Question:A hockey puck (a) can cost up to $50,000, (b) was once fashioned out of a lacrosse ball, (c) is refrigerated for National Hockey League games, (d) is made of vulcanized rubber, the same stuff as auto tires, shoe soles, etc.

Answer: All are true, as hockey was originally played with a lacrosse ball until exasperated rink owners got tired of all the broken windows from errant orbs, says Alain Hache in "The Physics of Hockey." So they cut the ball into three pieces and kept the middle section. "Ever since 1885, the game has been played with just such a rubber slice."

Rubber of course is one of the most elastic materials on Earth and even vulcanization, a process discovered by American inventor Charles Goodyear in 1839, doesn't stop pucks from bouncing. In fact, they bounce too much, the reason for the refrigeration; a cold puck will bounce to only about half the height of a warm one. "Unfortunately, this creates a new problem: a hard frozen puck traveling at 90 mph is a dangerous projectile!" As to the $50,000 puck, the Fox TV network once engineered a version with a superimposed blue cometlike TV trailer that turned red on screen at speeds beyond 70 mph. But hard-core fans were not thrilled nor were the players, who claimed the puck's screws skewed its sliding.
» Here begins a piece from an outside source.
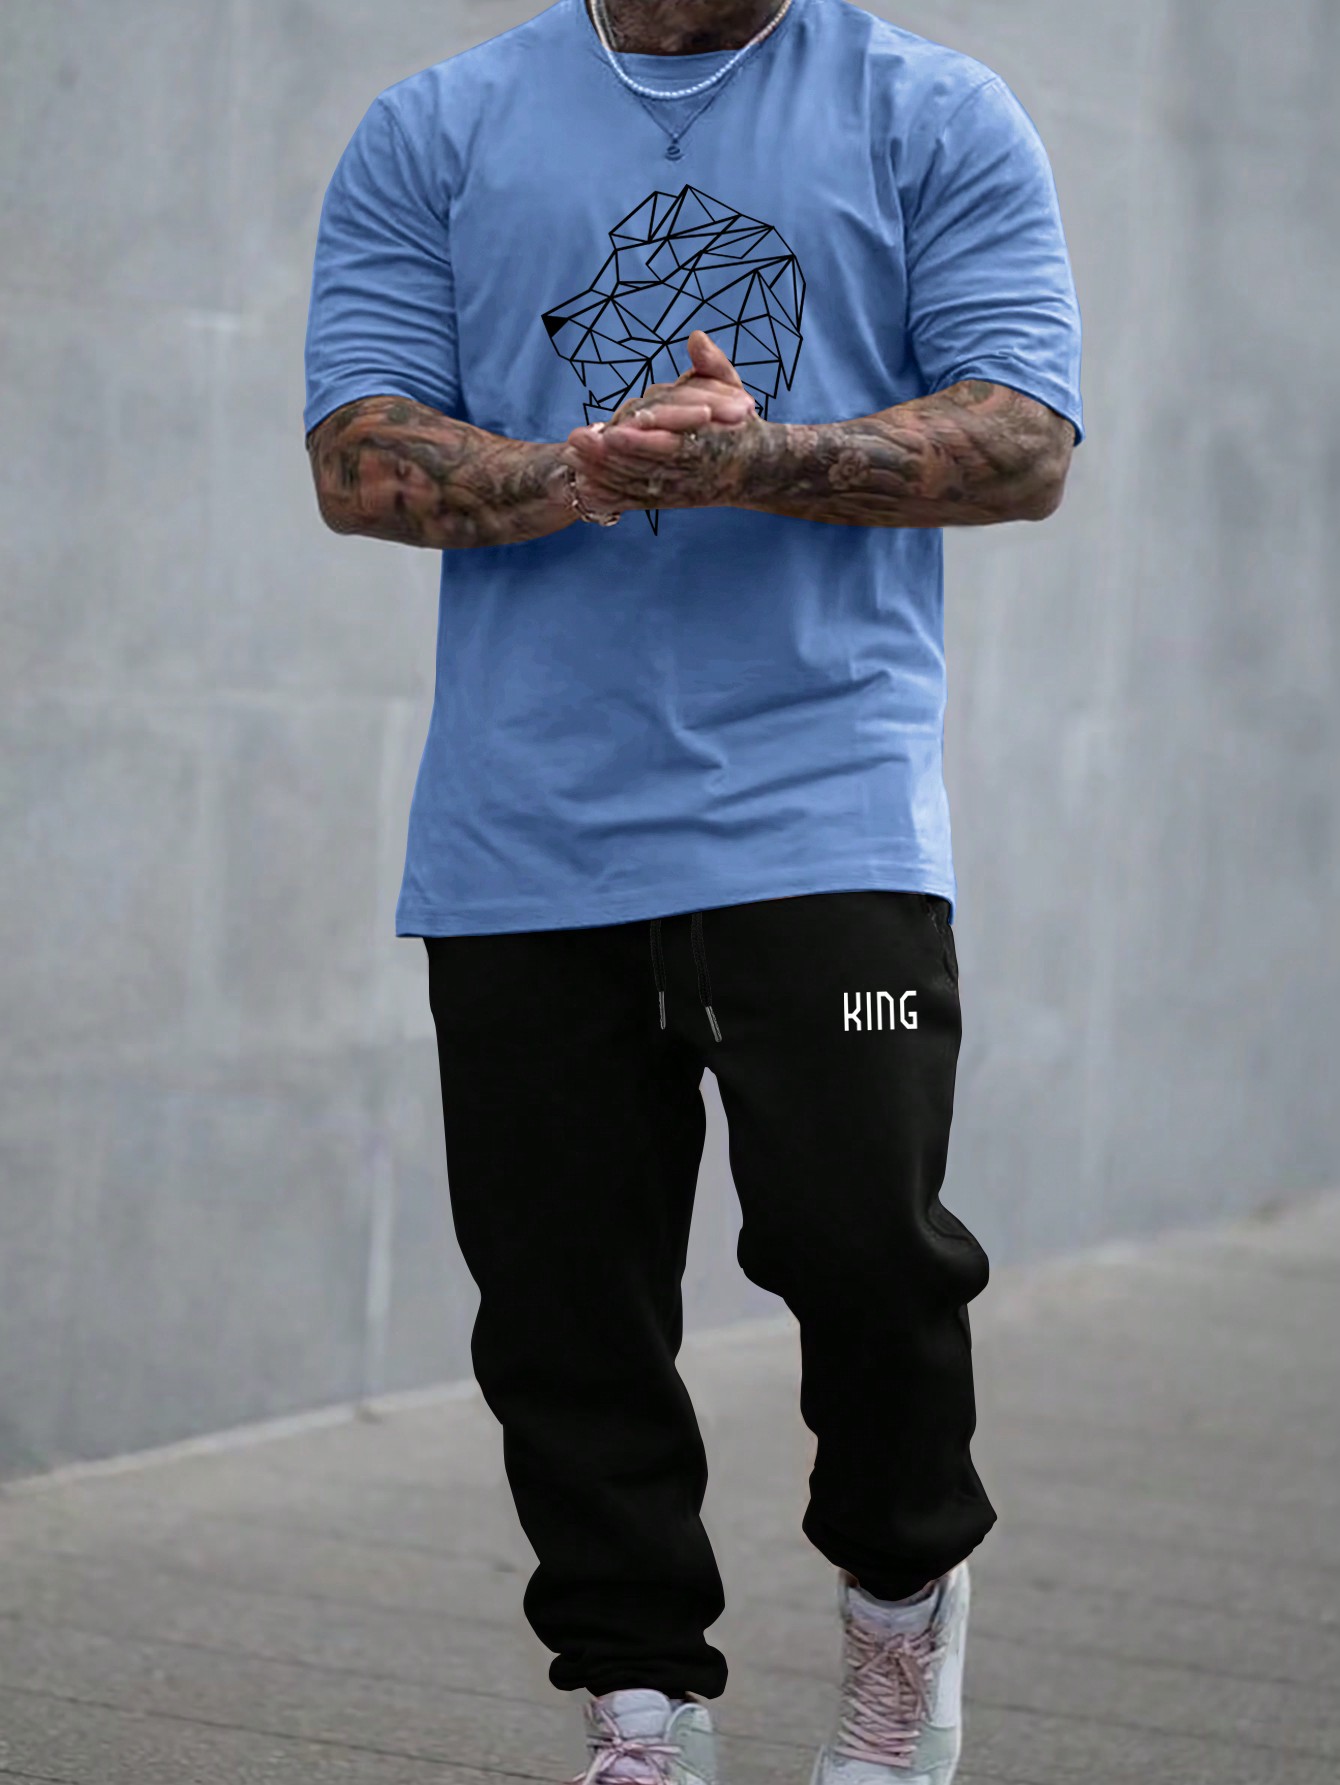 Мужская футболка с короткими рукавами с принтом льва и принтом алфавита Manfinity LEGND, синий мужская футболка с короткими рукавами и принтом масляной живописи manfinity legnd черный
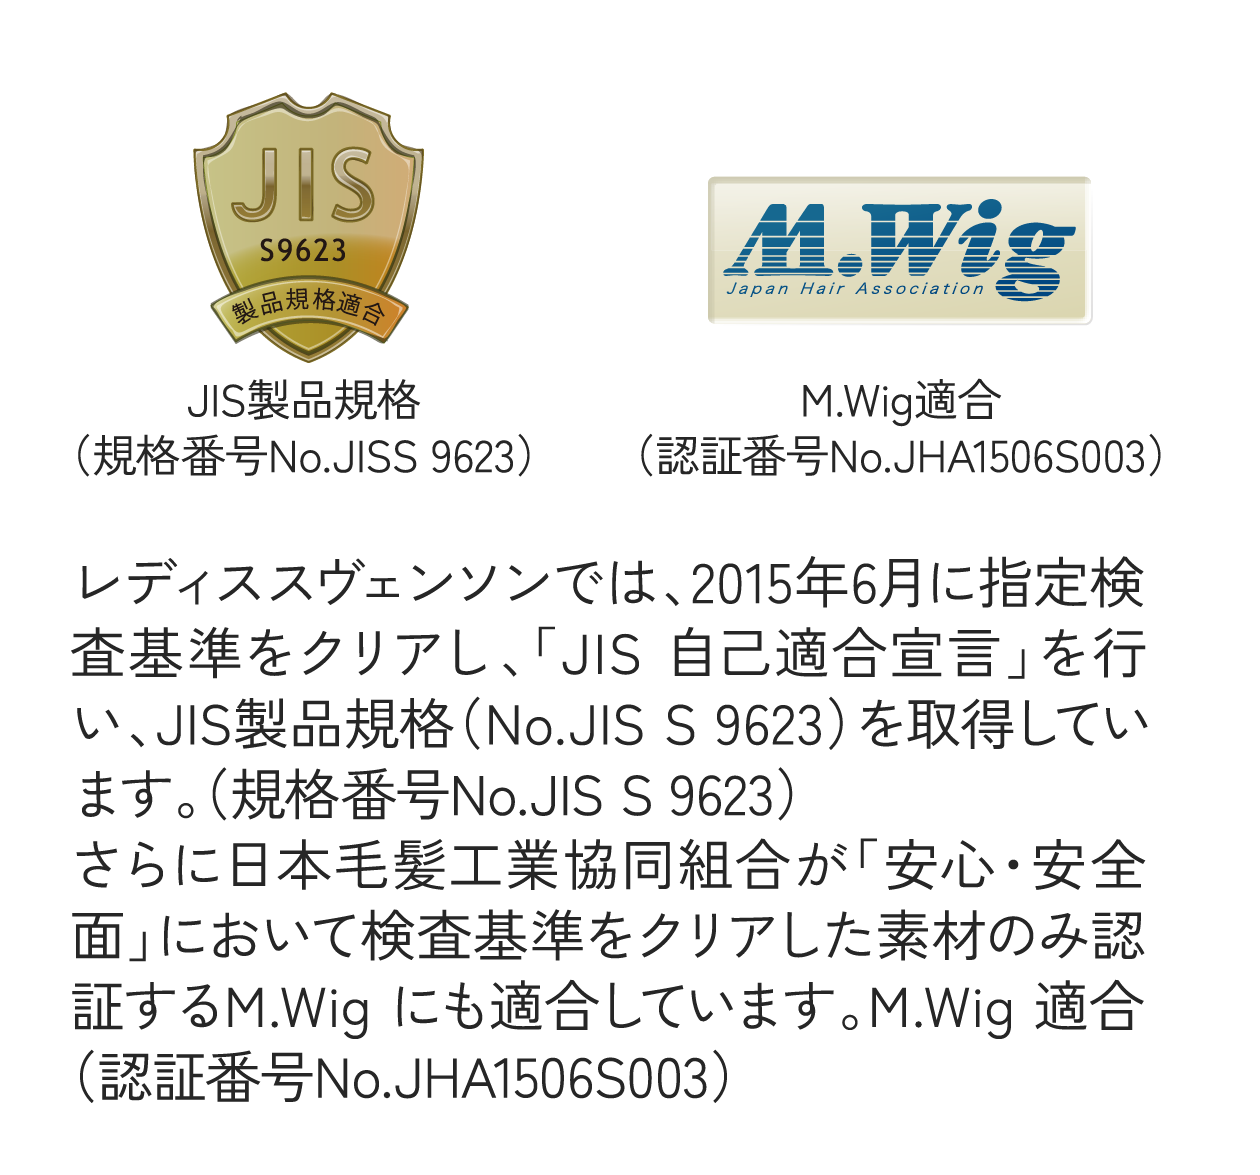 レディススヴェンソンでは、2015年6月に指定検査基準をクリアし、「JIS 自己適合宣言」を行い、JIS製品規格（No.JIS S 9623）を取得しています。（規格番号No.JIS S 9623）さらに日本毛髪工業協同組合が「安心・安全面」において検査基準をクリアした素材のみ認証するM.Wig にも適合しています。M.Wig 適合（認証番号No.JHA1506S003）

Question:If you took a concession break at the cinema or theater and found not popcorn and candy but oranges to buy, where would you be?

Answer: It's not so much a matter of where but when, since up until the end of the 19th century in Europe, oranges were a symbol of affluence and good times, accompanying festive occasions, says Pierre Laszlo in "Citrus: A History."

Served at weddings and banquets, oranges were also offered at the theater. During the Renaissance, specialized peddlers called orange-men and orange-women would roam the streets of large cities like London, Paris and Amsterdam carrying baskets filled with the fruit.

Up until World War I, theaters were also places for oranges. Here were "the predecessors of the vendors now selling popcorn and candy at the entrance of American movie theaters or hot dogs and chips at stadiums."

Question:A doctor tells you you've got eight months to live. How might understanding the nature of mathematical "mean" or "median" breathe new hope into you and, if you're very lucky, point the way to 20 more years of life for you?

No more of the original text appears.